A very short extract of SLIDE: Sub LInear Deep-learning Engine
Sharing this amazing piece of research (1). The principles look so simple (in hindsight of course), yet results are incredible - 3.5x faster performance on 44-core CPU compared to NVIDIA GPU. It doesn’t use TensorFlow or any other existing framework. This is basic research and innovation. Looks like this has the potential for making Deep Learning even more accessible. Here are some salient points:
- Diminished returns in Matrix Multiplication algorithms: Existing Deep Learning/Neural Nets are based on matrix multiplication. Matrix operations have been optimized for the last several years, but have reached a saturation point and rely on hardware acceleration for further improvements.
- Exploiting Adaptive Sparsity: The idea of dropouts in Deep Learning is a case of exploiting sparsity in the activated neurons.
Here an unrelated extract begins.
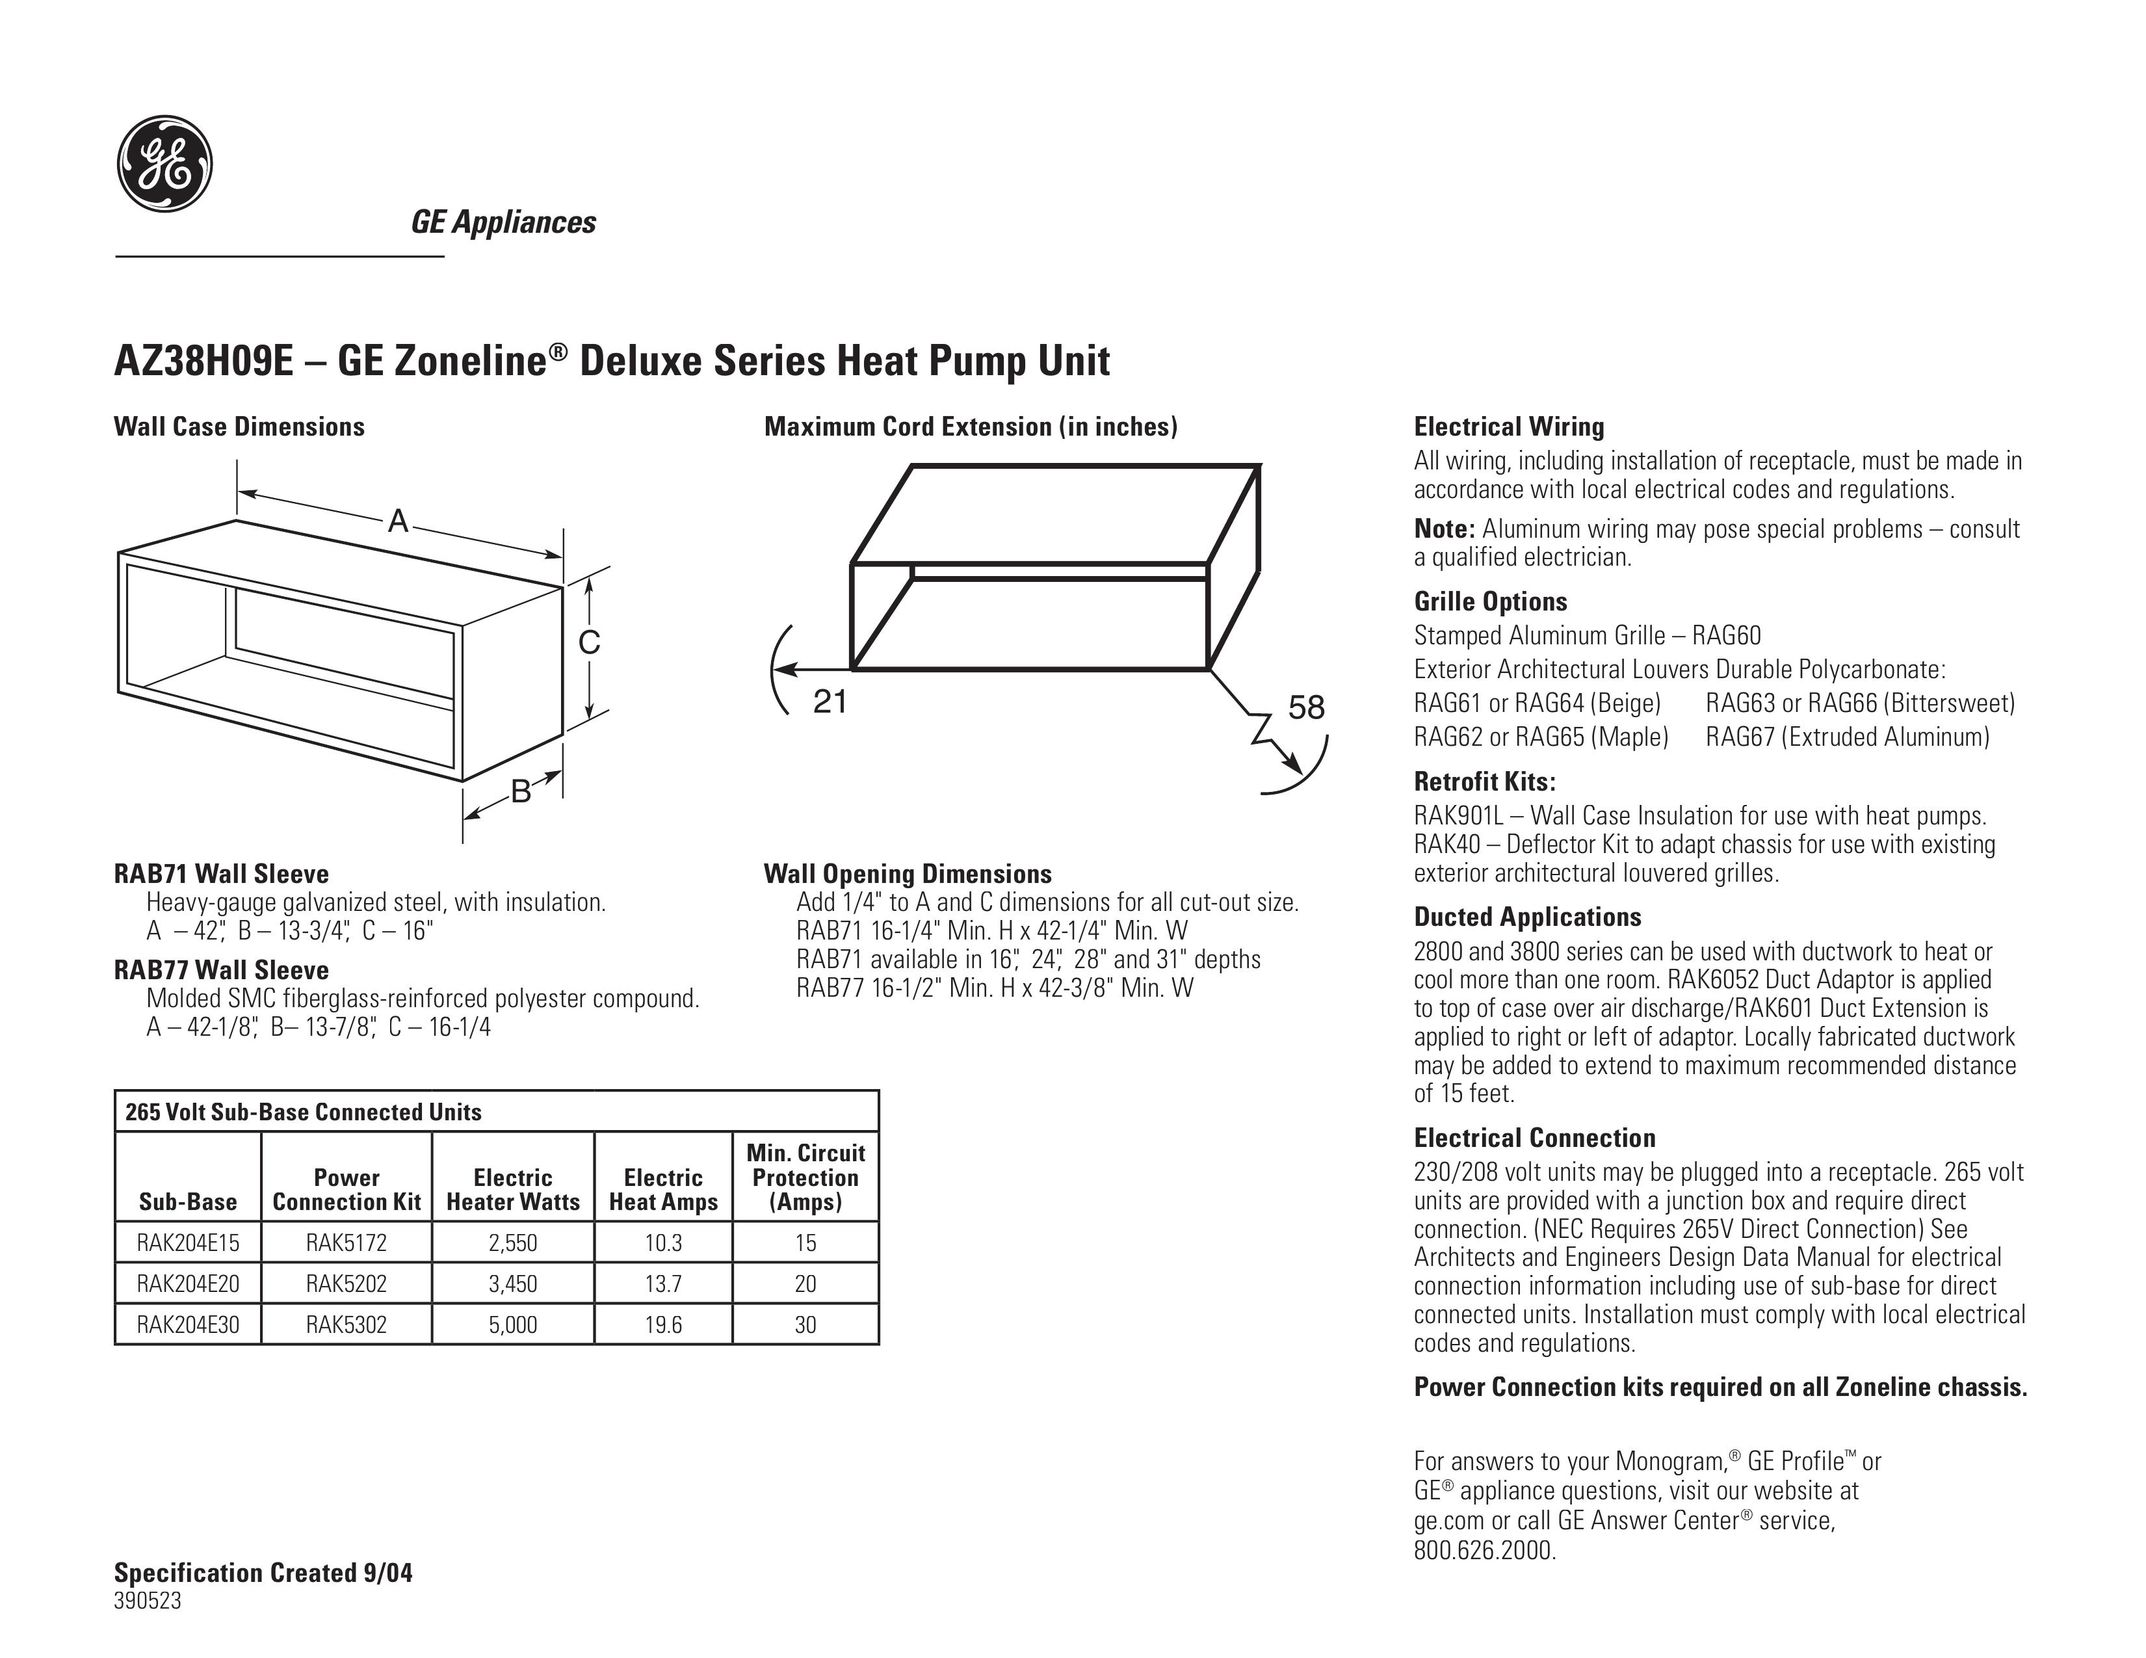 GE AZ38H09EAD Heat Pump User Manual

There has been work on showing the computational advantage of Locality Sensitive Hashing (LSH) to identify sparse neurons while training, but previous work didn’t show an implementation that could beat matrix multiplication on specialized hardware, when factoring in overheads of LSH. This paper presents an implementation that does.
- Batch Gradient Descent: Input data is still divided into batches, each batch consisting of hundreds of samples.
- Sequential Feedforward and Backpropagation for each input sample: In the feedforward phase, first active neurons are retrieved for each layer using hash functions on the input data. Then activations are calculated only for the active neurons (this is how sparsity is exploited). In the backpropagation phase, the gradient of the error is propagated back to the same active neurons at each layer using a classical message passing implementation, rather than vector multiplication.
- Exploiting Parallelism: Parallelism is achieved by parallelizing feedforward and backpropagation on the input data. Each sample of input data in the batch runs in its own thread and updates weights in parallel across all layers. To ensure calculations don’t conflict with each other, two arrays are maintained for each neuron, one for the activation of each neuron for each data, and another for the error gradient for each neuron for each data.
- Accumulation of weight updates is done randomly and asynchronously: Key insight utilized is that it doesn’t hurt convergence if the weight updates are accumulated randomly. So each weight is updated asynchronously by each thread. This avoids synchronization during batch accumulation. This design choice is said to be directly responsible for near perfect scaling with increasing cores. (Comparatively, TensorFlow shows poor scaling on CPUs beyond 16 cores.)
(1) See the full research paper here: (https://www.cs.rice.edu/~as143/Papers/SLIDE_MLSys.pdf)